His lips were softer than she’d imagined they’d be. His calloused hands tangled in her short hair, bringing her closer. She could taste the faint touch of alcohol on his tongue as her mouth slanted over his.
She looped an arm around his waist and easily lifted him up into the air.
“Hawke, put me down,” he said indignantly. She laughed breathlessly against his mouth.
“My shoulders were getting sore from bending over,” she said. She wound her free hand through his hair and tugged him back to kiss her again. She realized suddenly that she would be quite happy staying right here, like this, for the rest of her life. Well, maybe with a stool. She was strong, but Varric was sturdy. He’d probably whack her on the arm if she told him that though.

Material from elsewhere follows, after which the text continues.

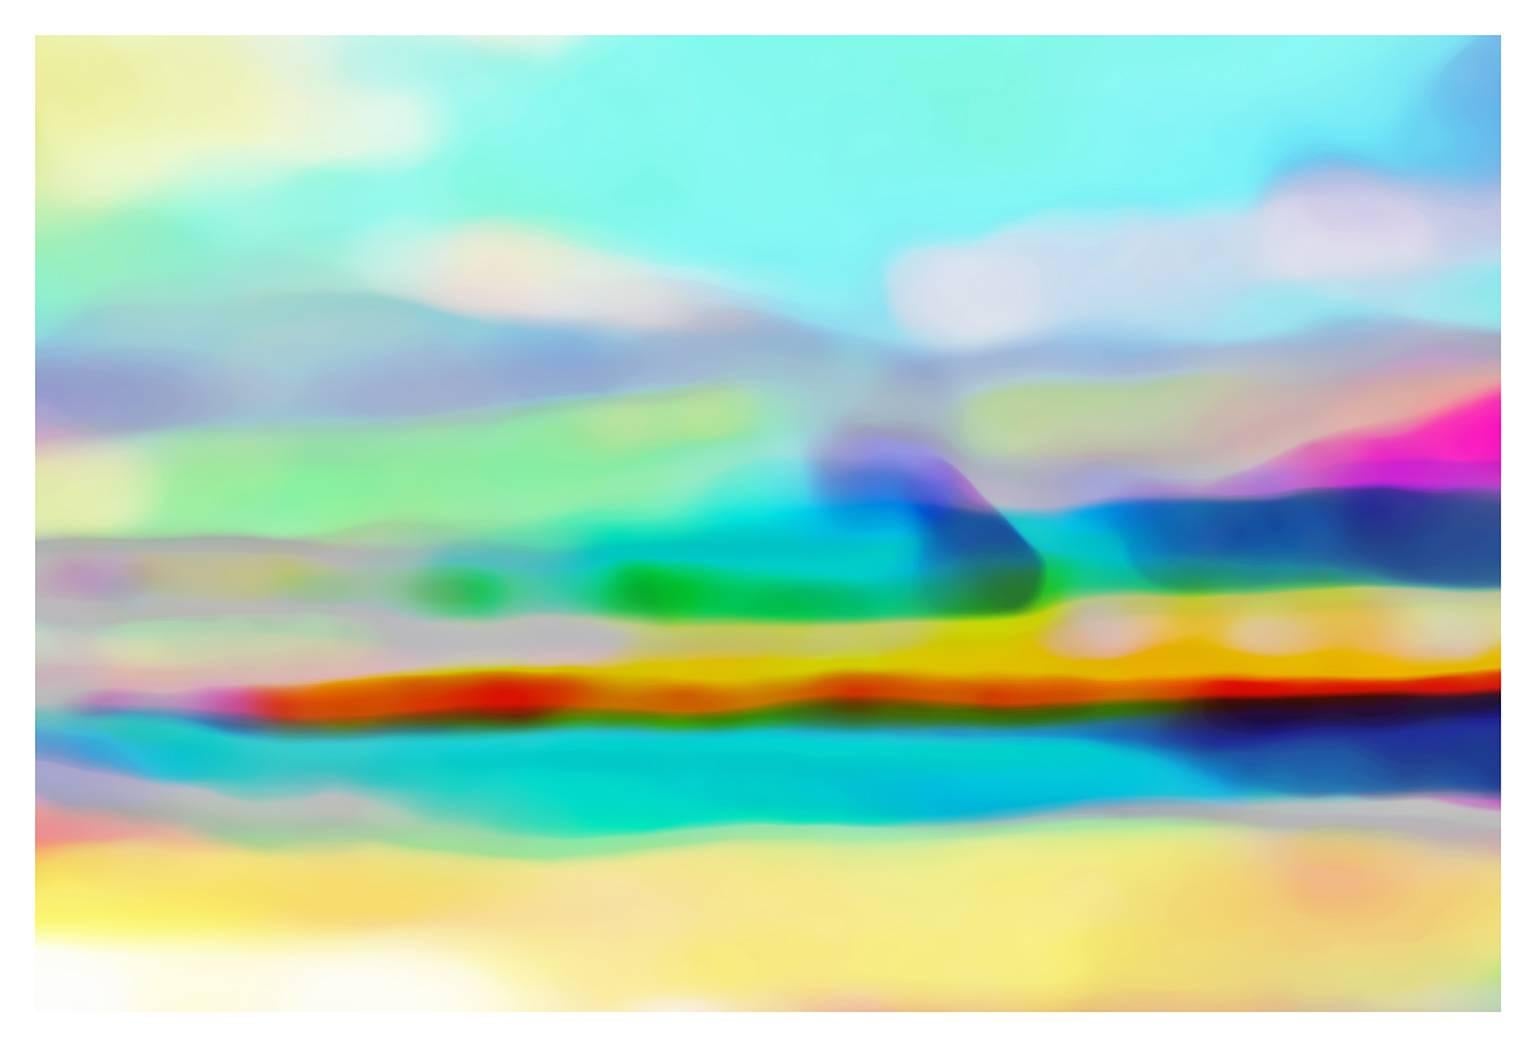 Cate Woodruff Abstract Photograph - "Melt" diffuses soft turquoise greens and yellows into a landscape of light

She set Varric down on the table, standing between his legs and bringing both hands up to cup his face.
“Better?” she whispered. He grumbled something indistinct and unflattering that was abruptly cut off as she began to trail kisses down to his neck.
“Would you believe that I’ve wanted to do this for years?” he rasped. Hawke stilled. And then, she began to laugh, resting her forehead against Varric’s.
“Well, there’s no call to be rude,” he said. She pressed a soft kiss to his forehead, still chuckling.
“I have as well,” she said at last.
“Ah,” Varric managed. And then, “So, what now?”
“You in a rush, Tethras?” Marian asked. She gently tipped his chin up to face her. “Seems to me we’ve got all the time in the world.”
“So we do,” he said, and he kissed her again.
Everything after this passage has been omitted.